Quería llevarlos al extremo —Por supuesto, nueve para ser exactos ¿A manos de que numero van a morir? Quizá por culpa de Ichi-ni-san.
—¡No hables más!— respondió el naranjino antes de abalanzarse a gran velocidad, Atemu estaba ocupado con Tessai y no podía defendernos, quite a Yachiru con un movimiento brusco solo para detener la espada con mis manos.
Sentí como se enterraba el filo hasta mis huesos, elevando mi energía trataba de detenerlo pero algo se apoderaba de Ichigo, el cuerno de hollow fue lentamente creciendo, y la máscara comenzó a aparecer. Agrega a los otros dos tratando de atacarme y Yachiru sometiendo a Komamura junto a su shikai.
—¡Voy a matarte!
El grito del Kurosaki creó una columna de reiatsu, varias gargantas aparecieron y de ellas cientos de huecos salieron en busca de comida.
Aunque no sentía más mis manos empuje con fuerza hacia adelante, logre hacerlo retroceder. Miré a las bestias ir en distintos lados ¿No iban por Ichigo? Un escalofrío me recorrió al recordar la normas, tal vez Grimmjow era el encargado de evitar eso.
No tuve más tiempo, Zangetsu trataba de asestar un golpe en mi pecho, Hikaro y Hiyori se detuvieron al notar que eran demasiados.
—¡Pilares de la noche eterna!
Mi zampakuto obedeció antes de comenzar a eliminar a los hollow con gran velocidad, el Kurosaki parecía cegado pues se negaba a cambiar de objetivo y otras presencias aparecían por el bullicio.
La sangre perdida entre esta herida y la de Grimmjow me comenzaban a debilitar, mi respiración se tornaba pesada y la visión era borrosa por segundos.
—¡Para!— gritó una voz que no pude reconocer. Otras lo secundaron para ver su petición se desvanecerse en el aire.

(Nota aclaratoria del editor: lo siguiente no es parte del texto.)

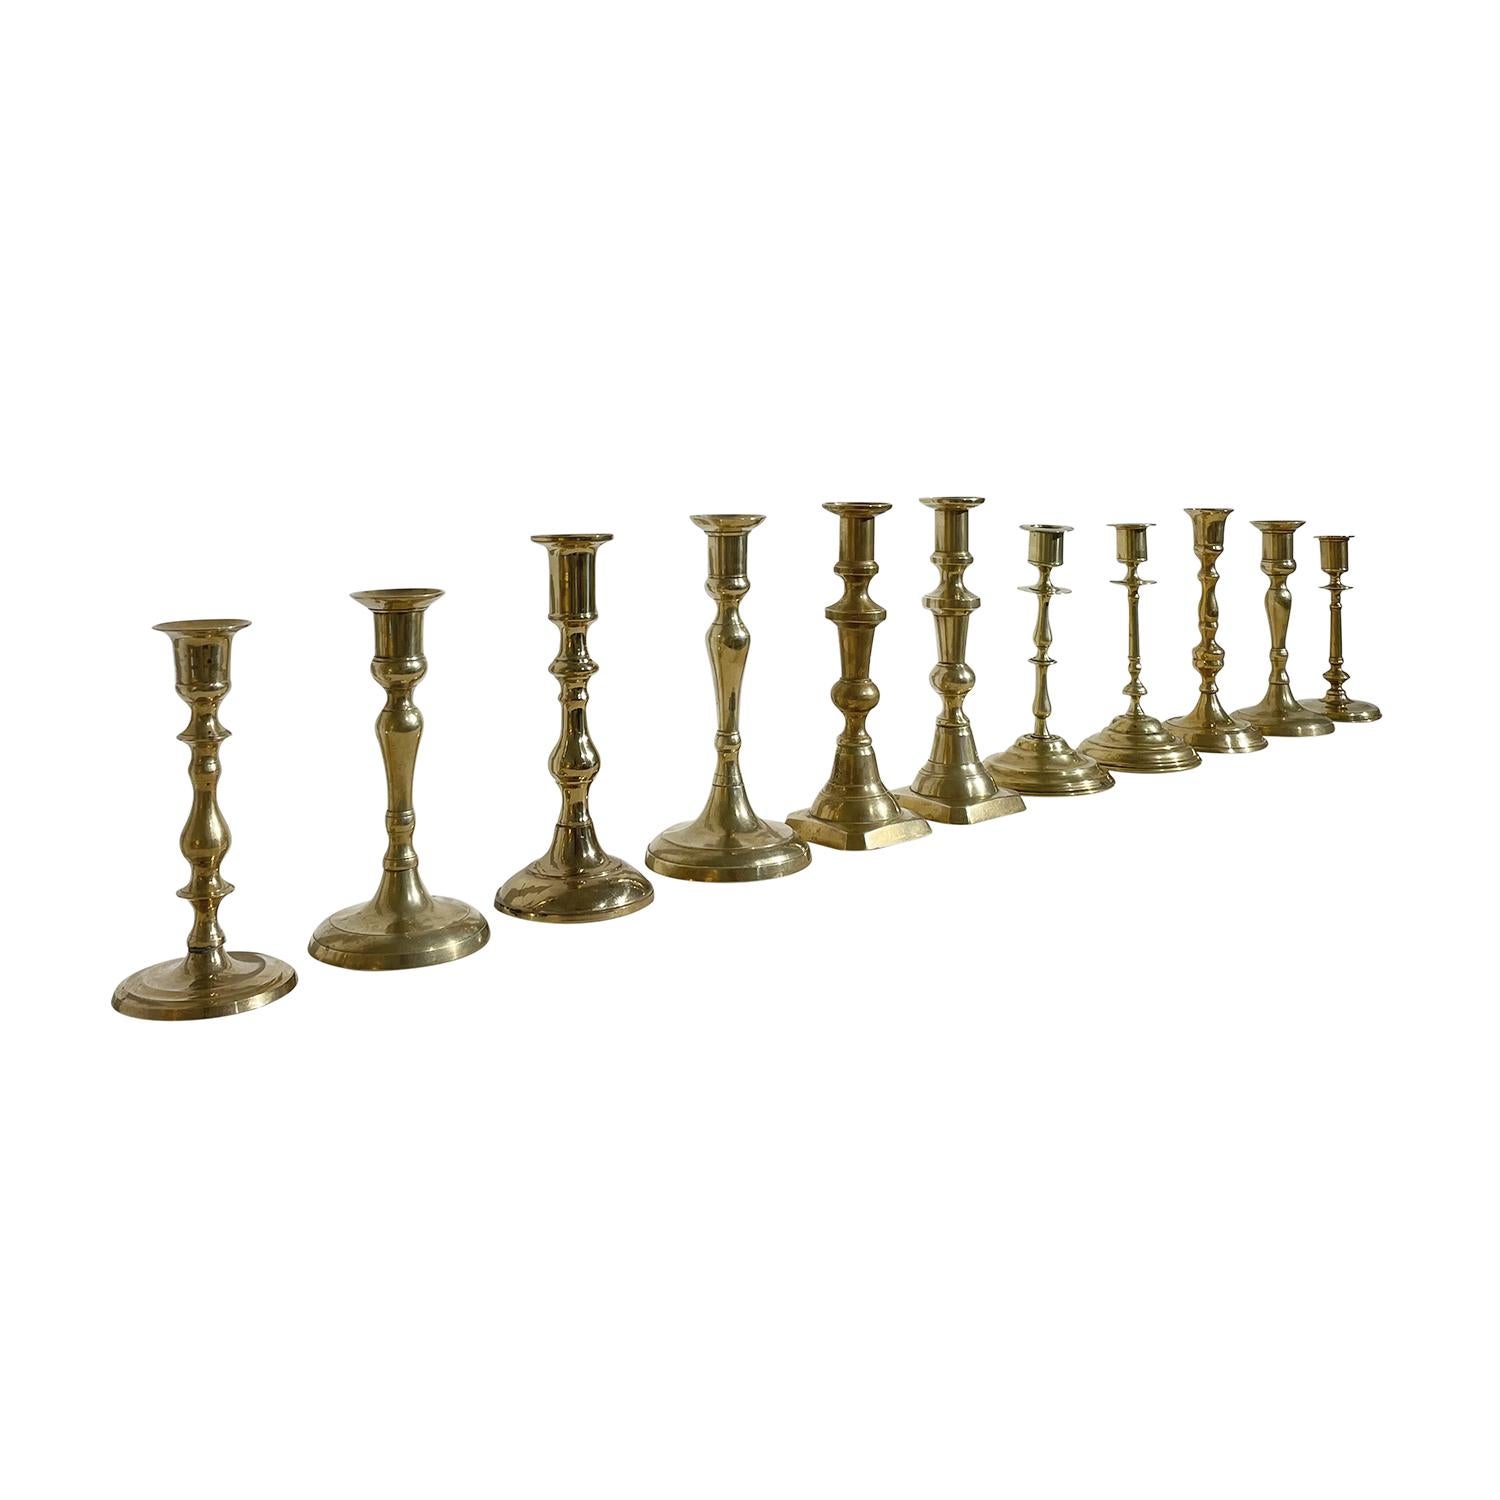 20th Century Gold Swedish Gustavian Similar Set of Eleven Brass Candle Holders In Good Condition For Sale In West Palm Beach, FL

Él se negaba a escuchar y a cambio obtenía unas cuantas heridas extras tratando de obtener toda su atención para que ellos no resultasen heridos. Algunos trataron de intervenir pero los hollows se volvían su prioridad de inmediato.
Mis espíritus restantes estaban alterados como en pocas ocasiones, reí ante el dolor mientras seguía desgastando al potencial de guerra.
Cuando los huecos fueron diezmados fuimos rodeados por todos, en sus ojos se mostraba una confusión y miedo al verle tan violento ante mi.
—¿Eso es todo, Ichigo?— cuestione, aunque en el fondo me preocupaba bastante.
No respondió más allá de un grito de guerra y un ataque.
Miré a mi alrededor por un instante, Orihime lloraba en silencio, Yuzu cuidaba que Kazui no viese a su padre y Karin mostraba impotencia en su rostro. Ishida y Chad por su lado buscaban una alternativa para resolver este conflicto y los shinigamis no estaban mejor.
Vagos recuerdos cruzaron mi mente, algunos relacionados con los oponentes que he tenido, junto a estos el murmullo de mi primera espada —Entiendo — dije al comprenderlo.
Ichigo había perdido parte de su cordura y percibía los restos del reiatsu de Yhwach que permanecían en mi cuerpo.
Lo hice retroceder con una patada, era momento de darle tregua a todos —Chicos, inmovilicen a Kurosaki— ordene sereno.
Tres sombras surgieron de la mía, dos de ellas sujetaron ambos brazos del sustituto y la ultima le propino un golpe en sus piernas para derribarlo, seguido de esto lo sujeto de la cabeza.
Dirigí mi mirada a los demás —Deberían entrenar un poco más— dije antes de acercarme a Ichigo, coloque mi palma sobre su frente y de inmediato quedó inconsciente.
Entonces todo se oscureció, lo ultimo que pude percibir fue un aroma a lavanda y unos brazos sujetandome con suavidad.
*Leorone: Es un personaje del juego de Brave Frontier que imita a una especie de león alado.